For the year For the year
ended 31 December ended 31 December
2019 2018
-------------------- -------------------
GBP GBP
Loss attributable to the owners
of the parent (2,447,006) (2,324,006)
Weighted average number of ordinary
shares in issue 27,250,001 16,799,999
Basic and diluted loss per share (0.0898) (0.1383)
18. SHARE-BASED PAYMENTS
Implementation of share incentive plan - Incentive Shares
Arrangements have been put in place to create incentives for
those who are expected to make key contributions to the success of
the Group. Success depends upon the sourcing of attractive
investment opportunities, effective execution of transactions, and
the subsequent integration and optimisation of target businesses.
Accordingly, an incentive scheme has been created to reward the key
contributors for the creation of value, once all shareholders have
received a preferential level of return.

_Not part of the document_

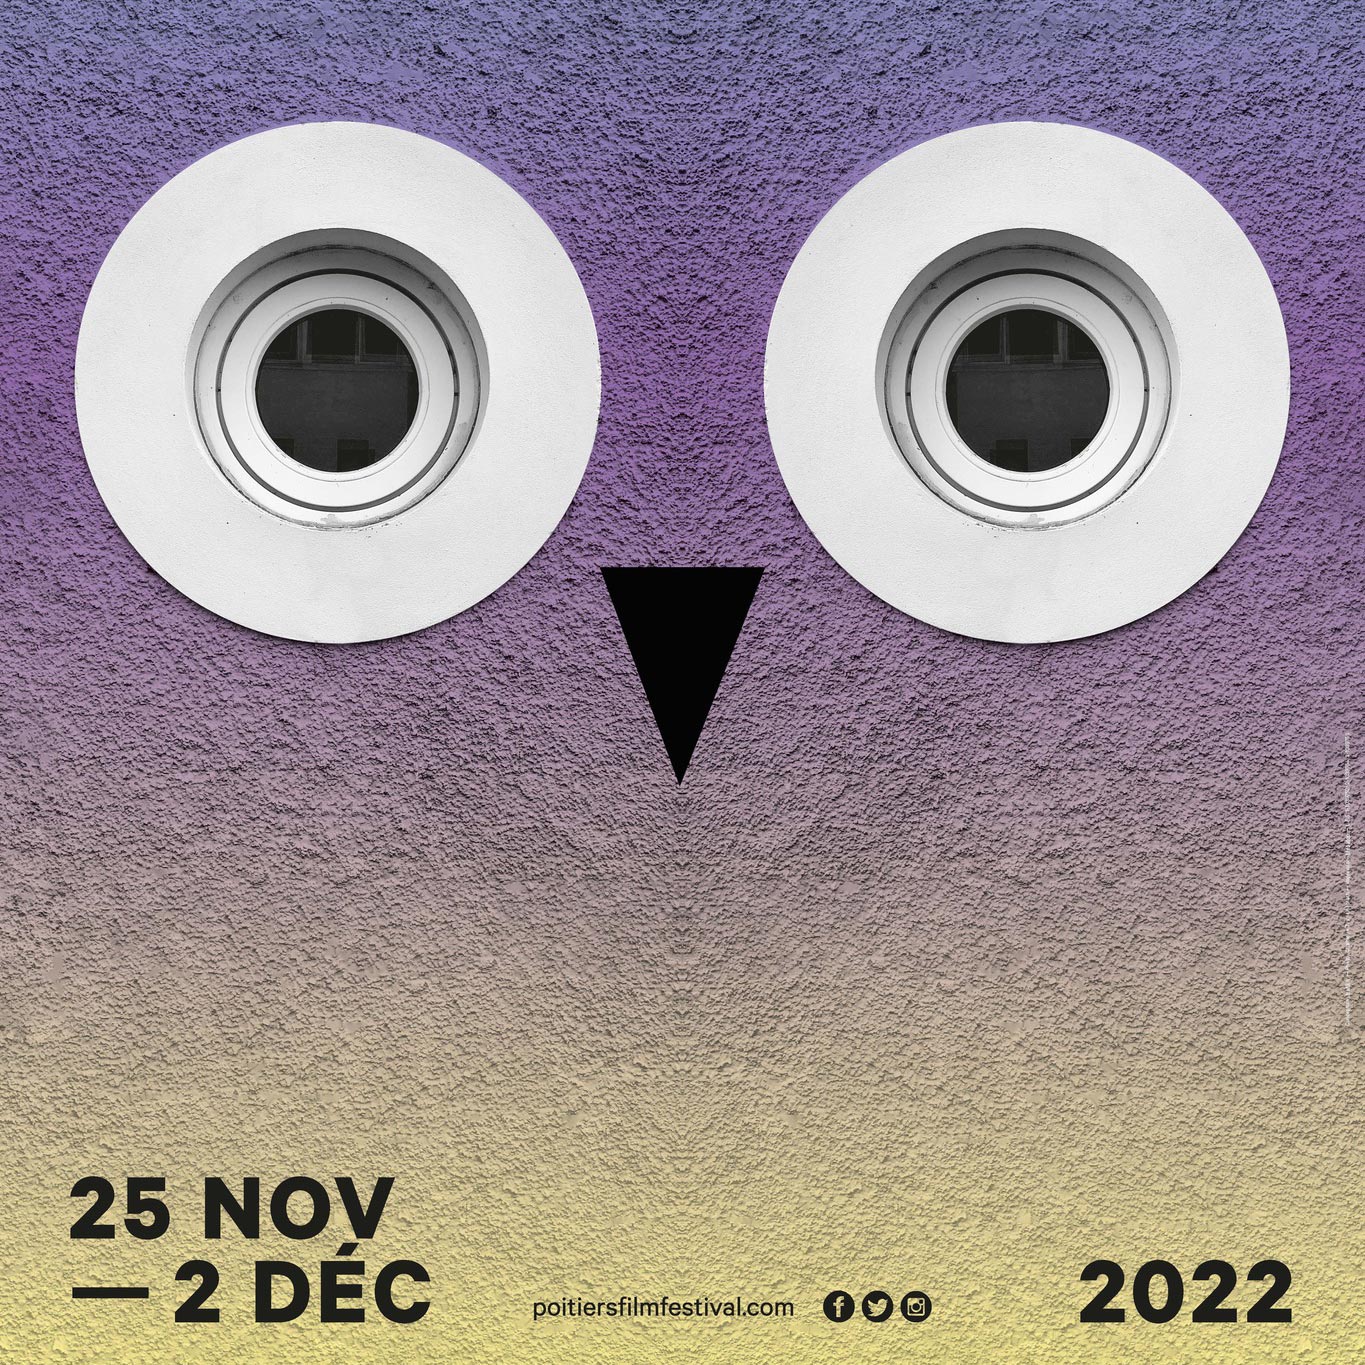 Affiche Poitiers Film Festival 2022

In order to make these
arrangements most efficient, they are based around a subscription
for shares in SHHJL by the PRX Trust, in which Rodrigo Mascarenhas
was beneficially interested and during 2019 by James Brotherton, in
the A1 and A3 Shares, and by Marwyn Long Term Incentive LP
("MLTI"), in which James Corsellis and Mark Brangstrup Watts have
an indirect beneficial interest, in the A2 and A3 shares. The A1,
A2 and A3 shares are collectively referred to as "Incentive
Shares". It is intended that future management appointees will also
share in the scheme and subscribe for Incentive Shares at a later
date.
On being offered, the Company will purchase the Incentive Shares
either for cash or for the issue of new ordinary shares at its
discretion, with the expectation being that new shares will be
issued. The valuation of the Incentive Shares is discussed below.

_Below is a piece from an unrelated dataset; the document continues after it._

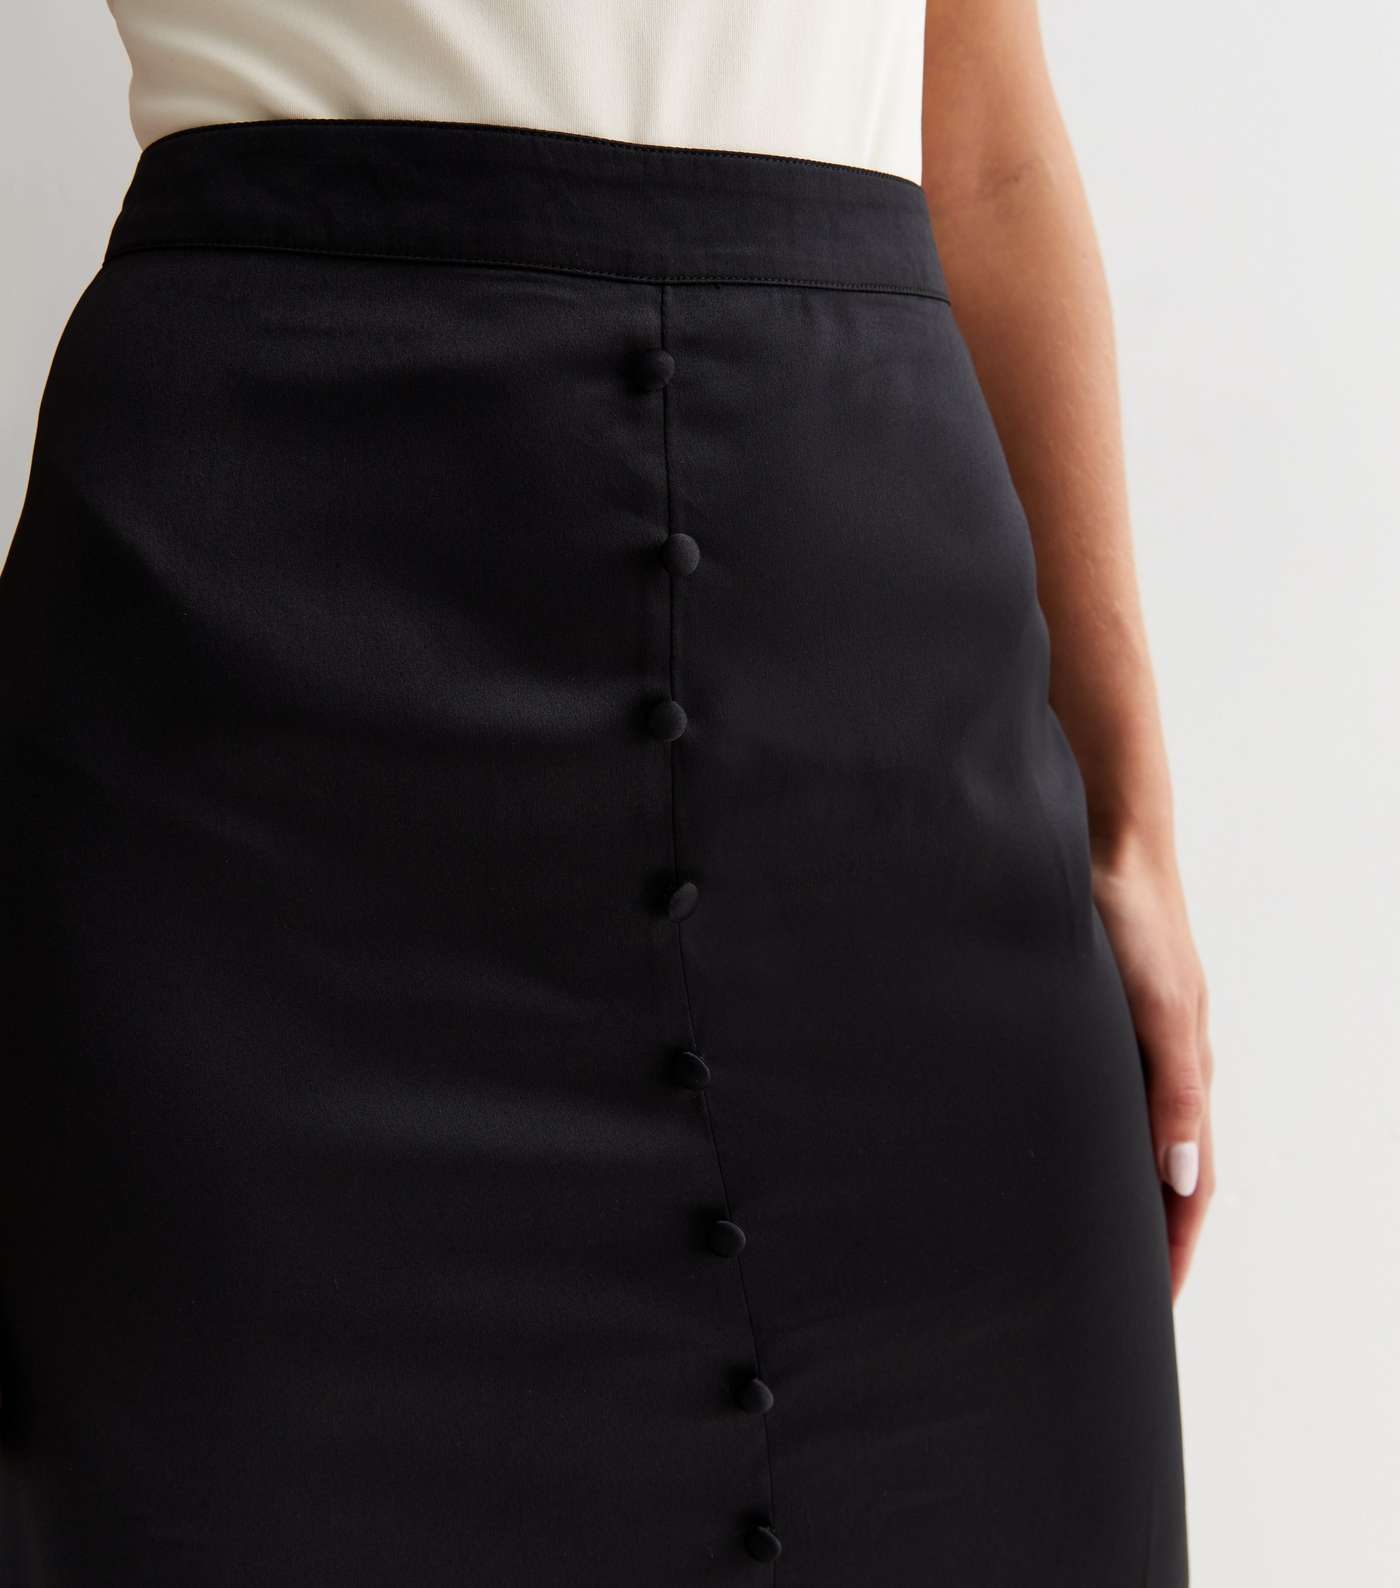 Petite Black Satin Button Midi Skirt Image 3

The Incentive Shares may only be sold on this basis if both the
growth and at least one of the vesting conditions have been
satisfied. If the growth condition has not been satisfied on or
before the fifth anniversary of a Platform Acquisition (or such
later date as SHHJL and the holders of 90% of the ordinary shares,
A1, A2 and A3 shares in SHHJL agree), the Incentive Shares must be
sold to the Company or, at its election, redeemed by SHHJL and in
both cases at a price per Incentive Share equal to its subscription
price unless and to the extent that the Nomination and Remuneration
Committee determines otherwise.
Incentive shares
In 2019 SHHJL issued 270 A1 shares and 300 A3 shares to James
Brotherton. In 2018 SHHJL issued 600 A3 shares to Rodrigo
Mascarenhas and 500 A3 shares to MLTI. All of these share issues
have been accounted for in accordance with IFRS 2 Share-based
Payments ("IFRS 2") as equity-settled share-based payment
awards.
On 21 August 2018, the 540 A1 Shares and 600 A3 Shares issued to
Rodrigo Mascarenhas (collectively, the "Old Incentive Shares") were
bought back by the Company and subsequently cancelled. On 4
September 2018, 540 new A1 Shares and 600 new A3 Shares were issued
to the PRX Trust (in which Rodrigo Mascarenhas is beneficially
interested) (collectively, the "New Incentive Shares "), which have
been treated as replacement awards under IFRS 2. The replacement
had no impact on the fair value of the Incentive Shares.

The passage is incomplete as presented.